9. Tomato and Roasted Vegetable Risotto

With gluten-free plant food, this is an excellent dinner dish. Creamy rich but not heavy; it is the right balance. Keep stirring the rice with olive oil, onion, and garlic. After removing from heat, add butter and cheese and fresh herbs. Roast or saute the vegetables. Add the vegetables to the rice and cook further. After removing from heat, add seasonings like basil, salt, and pepper. Additional butter or oil makes it creamier.

10. Sweet Potato Hash

High in potassium and fiber, sweet potato is low in calories. High in Vitamin A and fat-free, get calcium, magnesium, and Vitamins B6 and E. Along with the sweet potato, arrange for onion and garlic. Avocado oil or olive oil is refined. Chili powder and pepper, along with kale and salt too. Add preferred additional seasonings. Saute the garlic, onion, and pepper until soft. Add more oil and cook the sweet potatoes until tender. Mix the sauteed vegetables with the sweet potatoes and add salt and pepper. Eggs could be added at the final step.

11. Cauliflower Salad

Salads deliver a lot of benefits. Add other veggies to the cauliflower. Gluten-free, cauliflowers are intensely healthy and very nutritious. Chop all the veggies into small pieces and add garlic, parsley, fresh lemon juice, and olive oil.
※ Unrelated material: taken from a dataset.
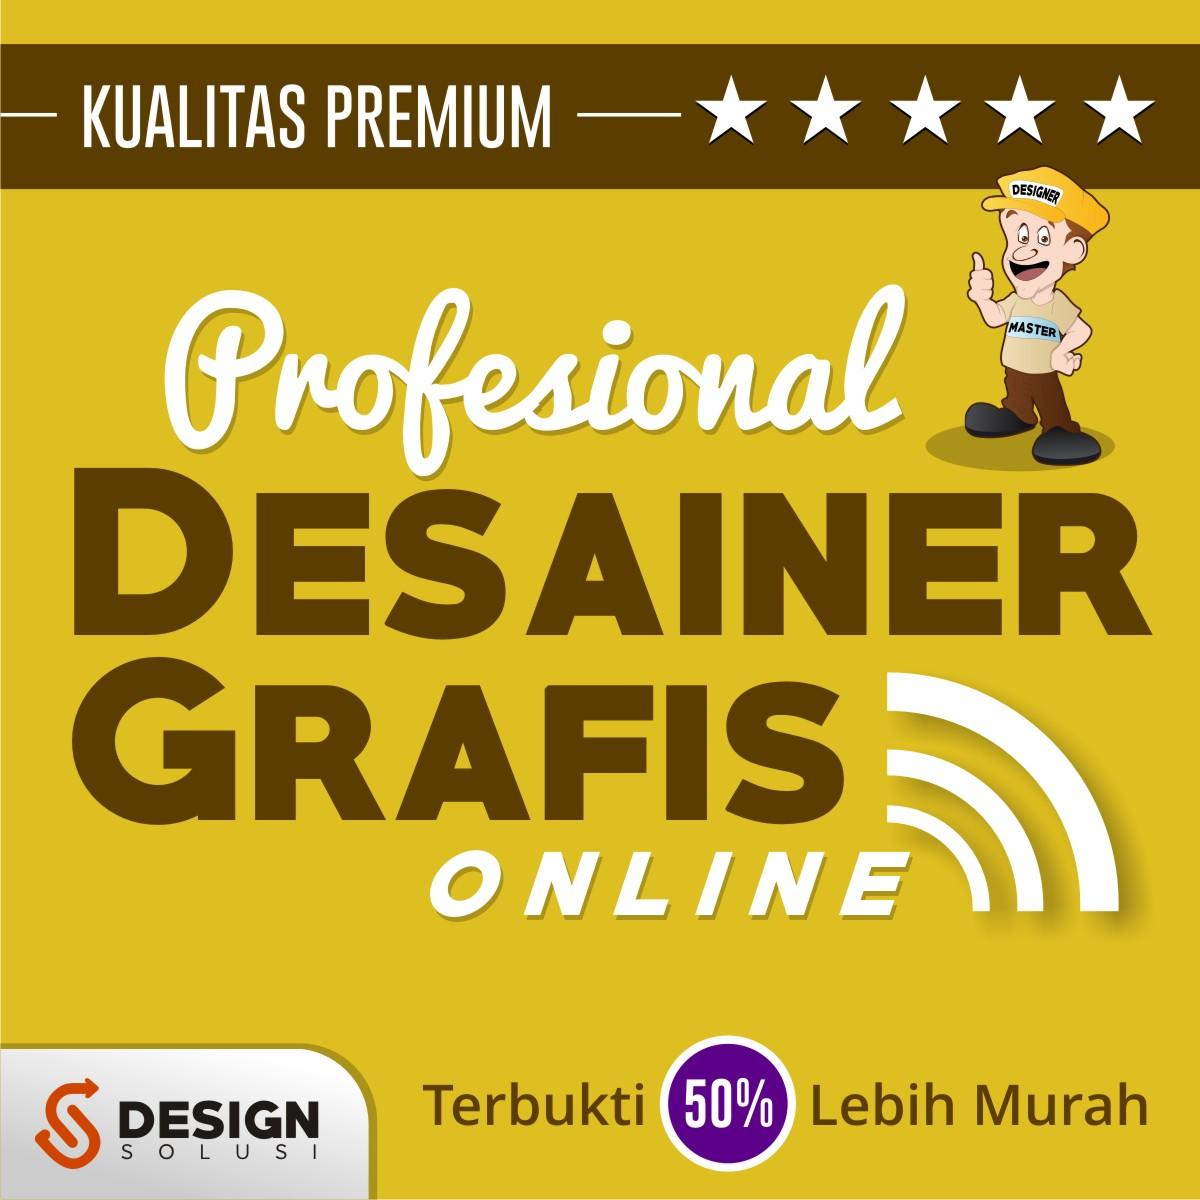 Jasa Desain Online Paling Murah

Tomatoes and cucumber enhance the flavors. Onion, kosher salt, and pepper add further zing. After chopping the cauliflower, put it in a food processor for a few rounds until shredded fine. In a mixing bowl, add the chopped vegetables and seasonings while mixing well. Wait a few minutes for the absorption process before serving.

Dietary changes may take time but always remember the mighty health benefits of a simpler eating lifestyle with ample exercise. Avoid excessive sodium, and red meats and limit tobacco and alcohol intake. Start with the easy Mediterranean diets and go for more complex ones later.